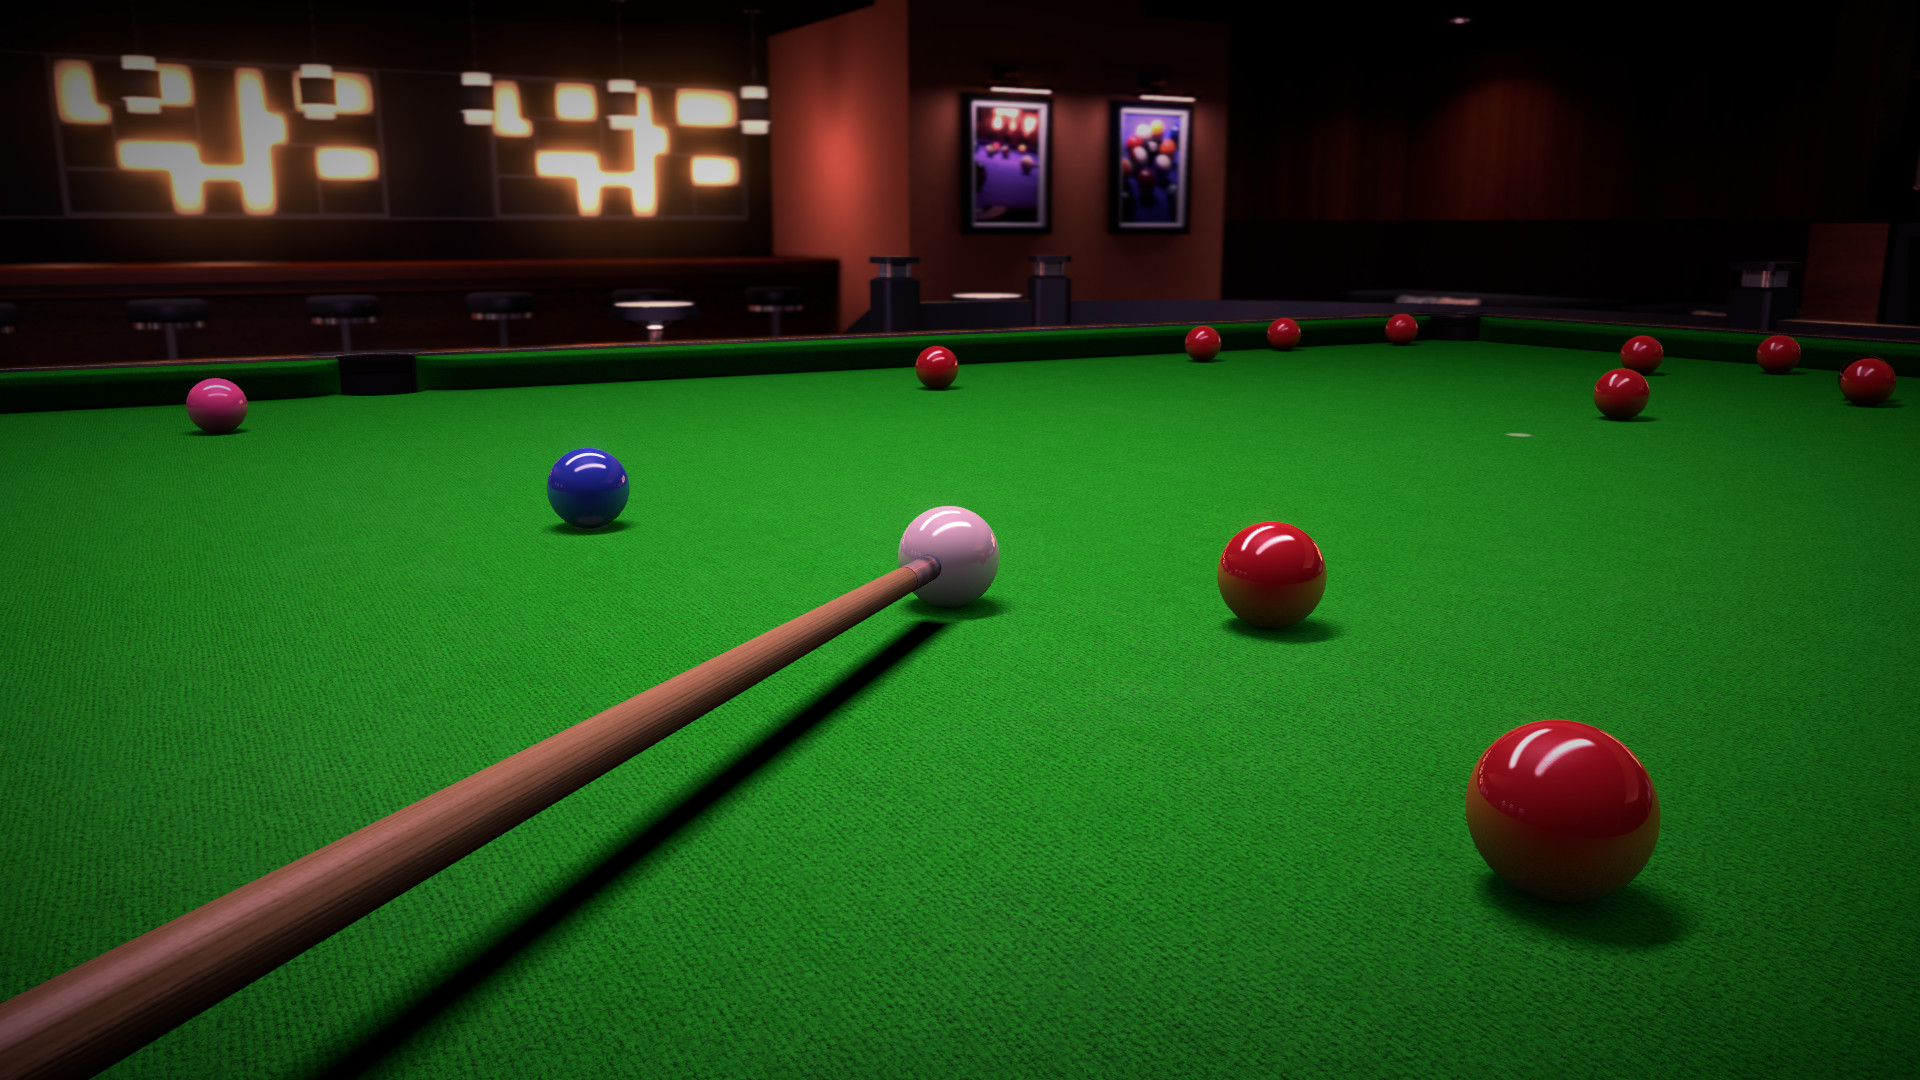 Save 65% on Pure Pool - Snooker pack on Steam
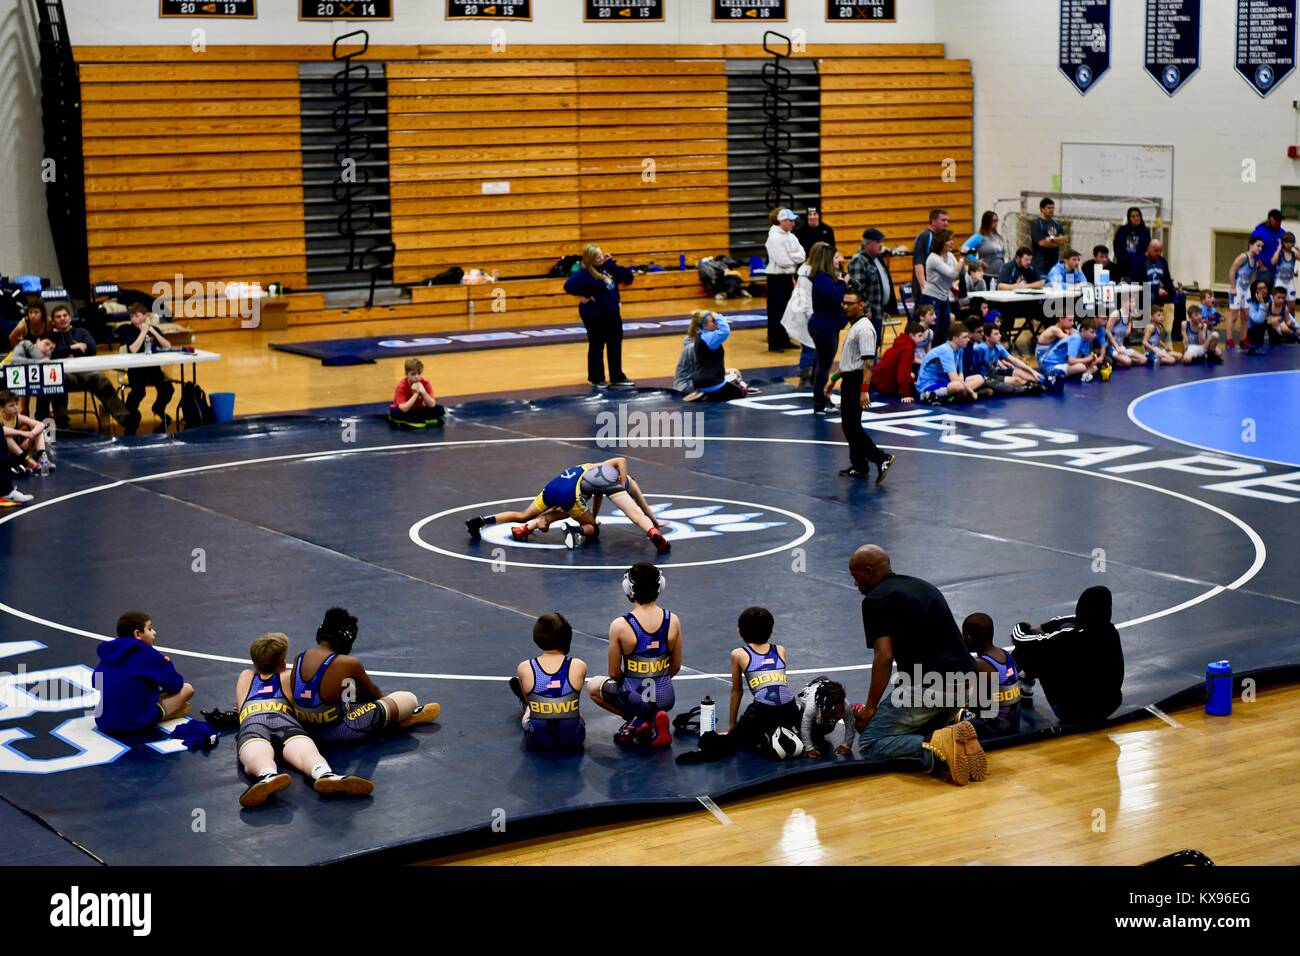 Collegiate style wrestling at the youth level, USA Stock Photo
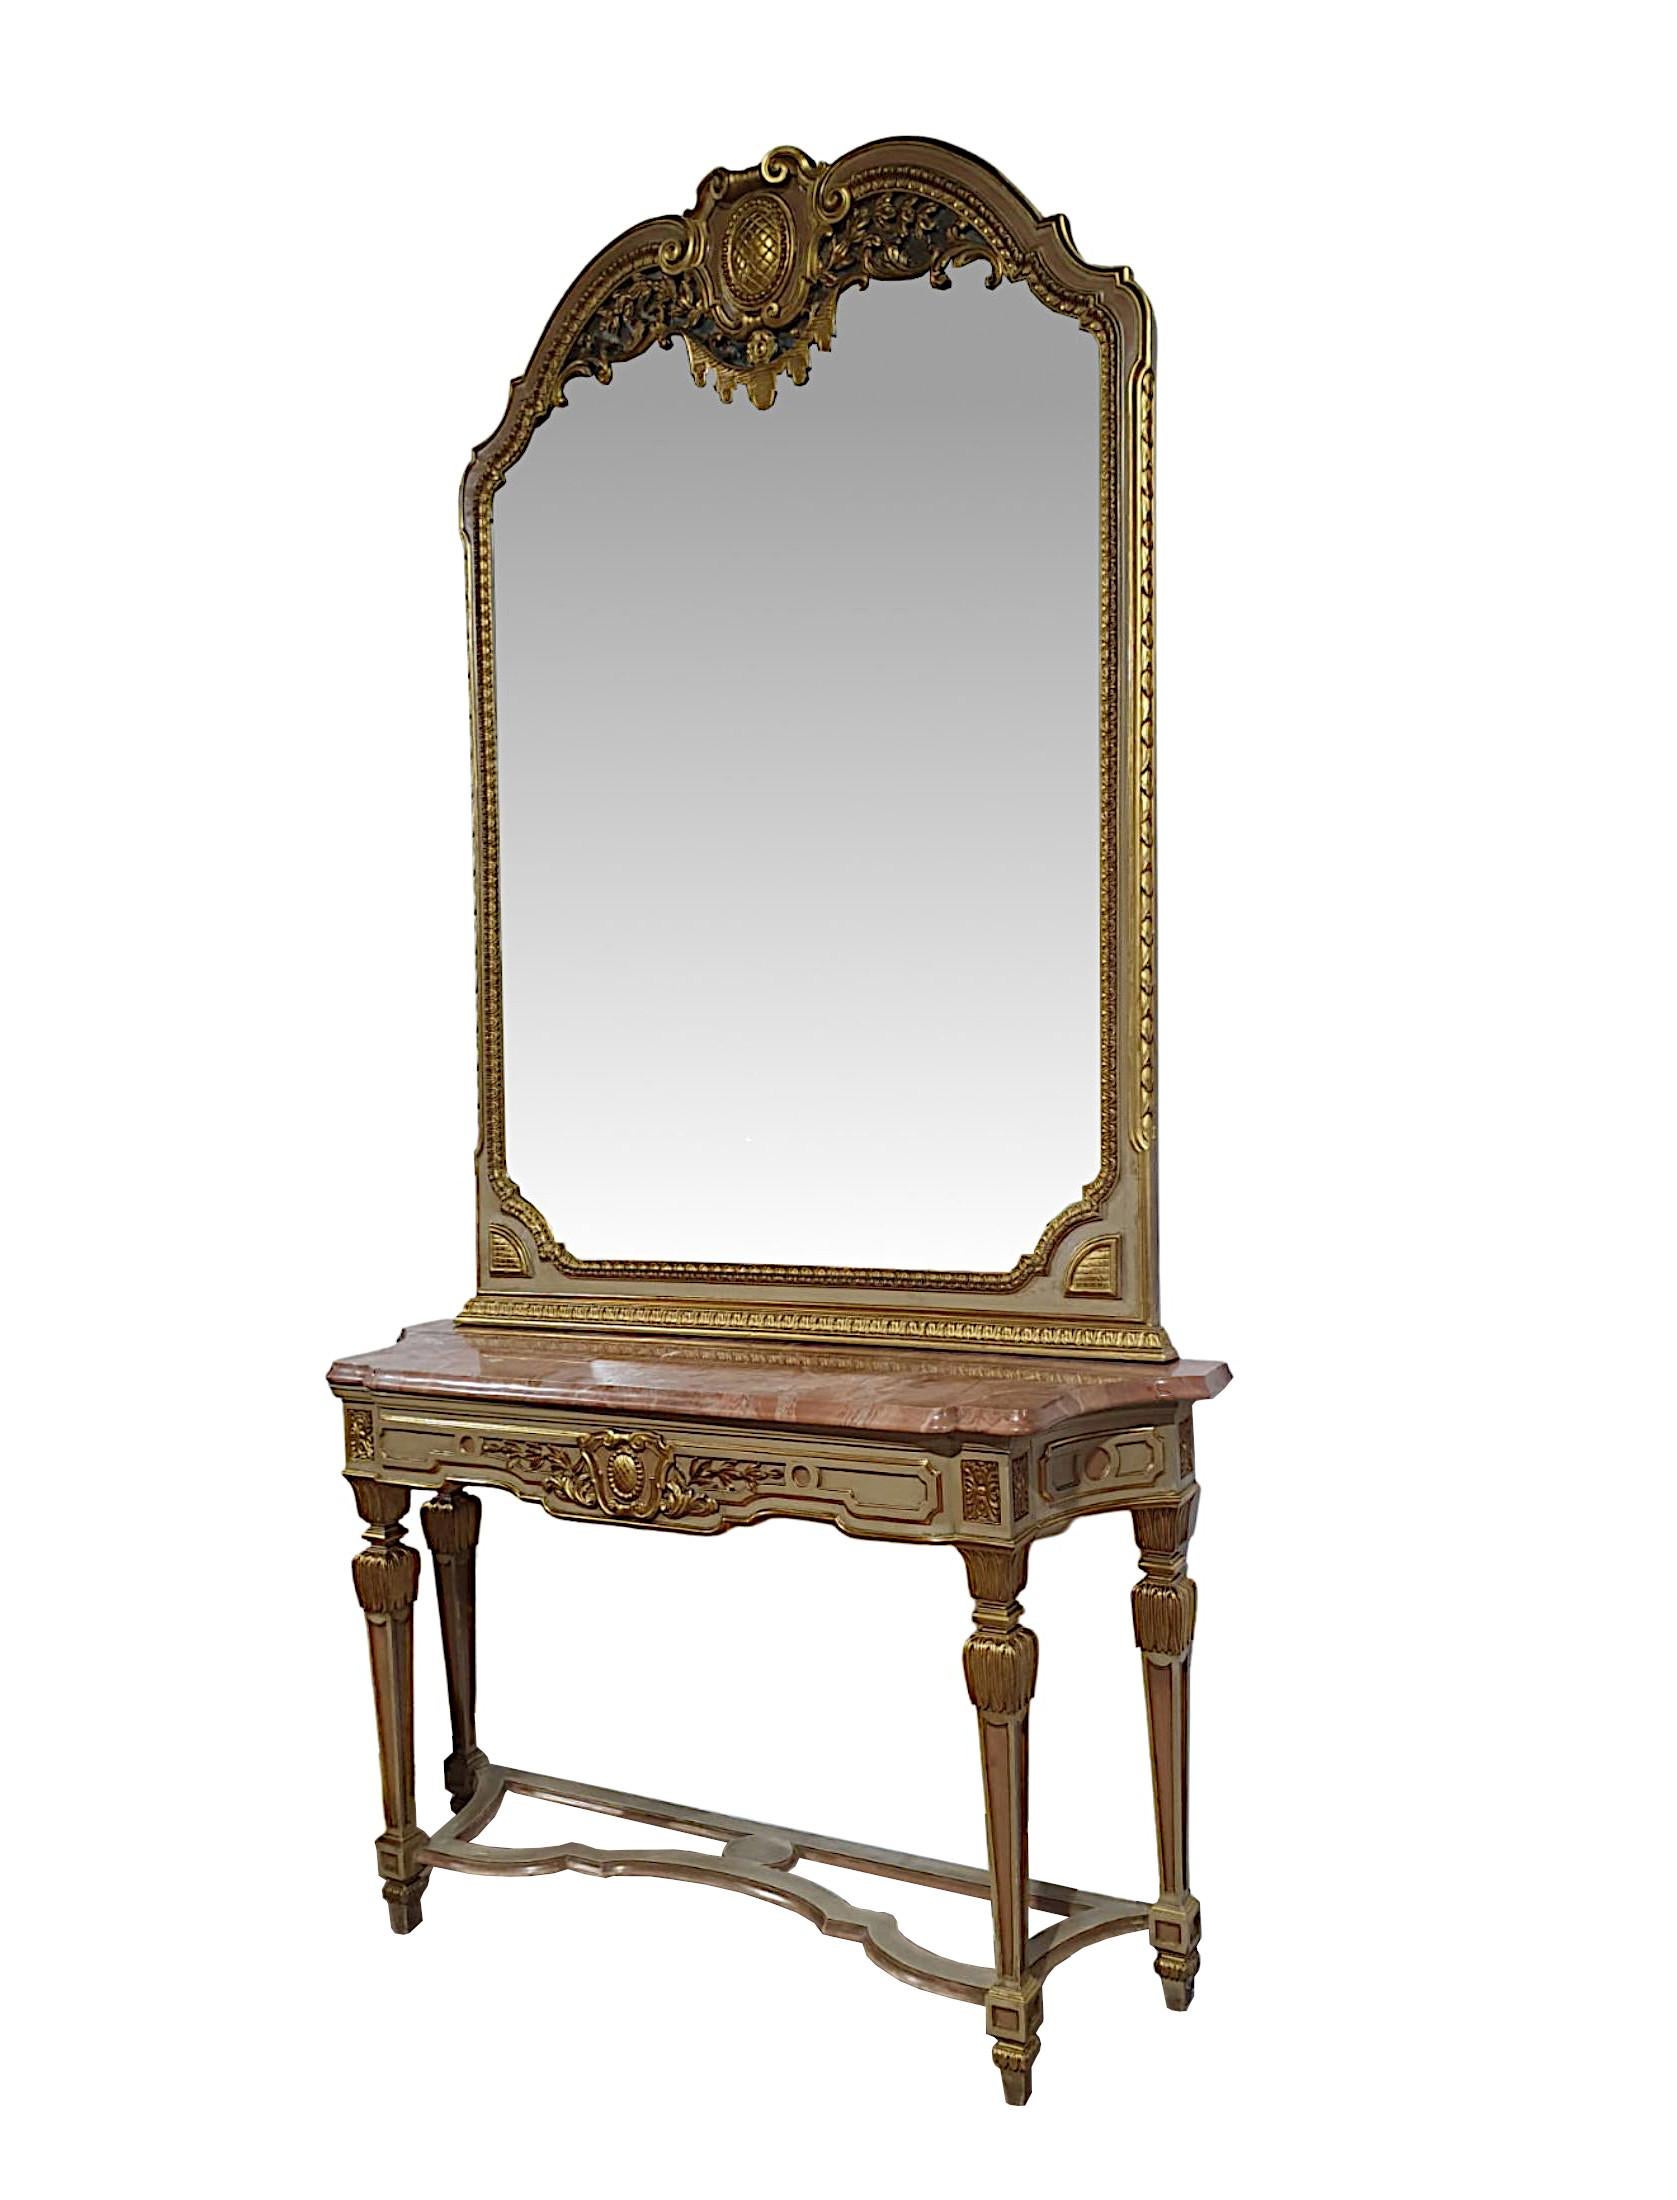 A very fine early 20th century French parcel gilt marble top console table and matching giltwood mirror of exceptional quality. The original sectioned mirror glass plate of arch top form is set within a stunningly hand carved, moulded and pierced

__________

#### TASK DESCRIPTION:
Keeping pictures out, repeat exactly the lines from the one containing "Collegiate style wrestling" through the end of the listing.

#### REPLY:
 Collegiate style wrestling at the youth level, USA Stock Photo
 A very fine early 20th century French parcel gilt marble top console table and matching giltwood mirror of exceptional quality. The original sectioned mirror glass plate of arch top form is set within a stunningly hand carved, moulded and pierced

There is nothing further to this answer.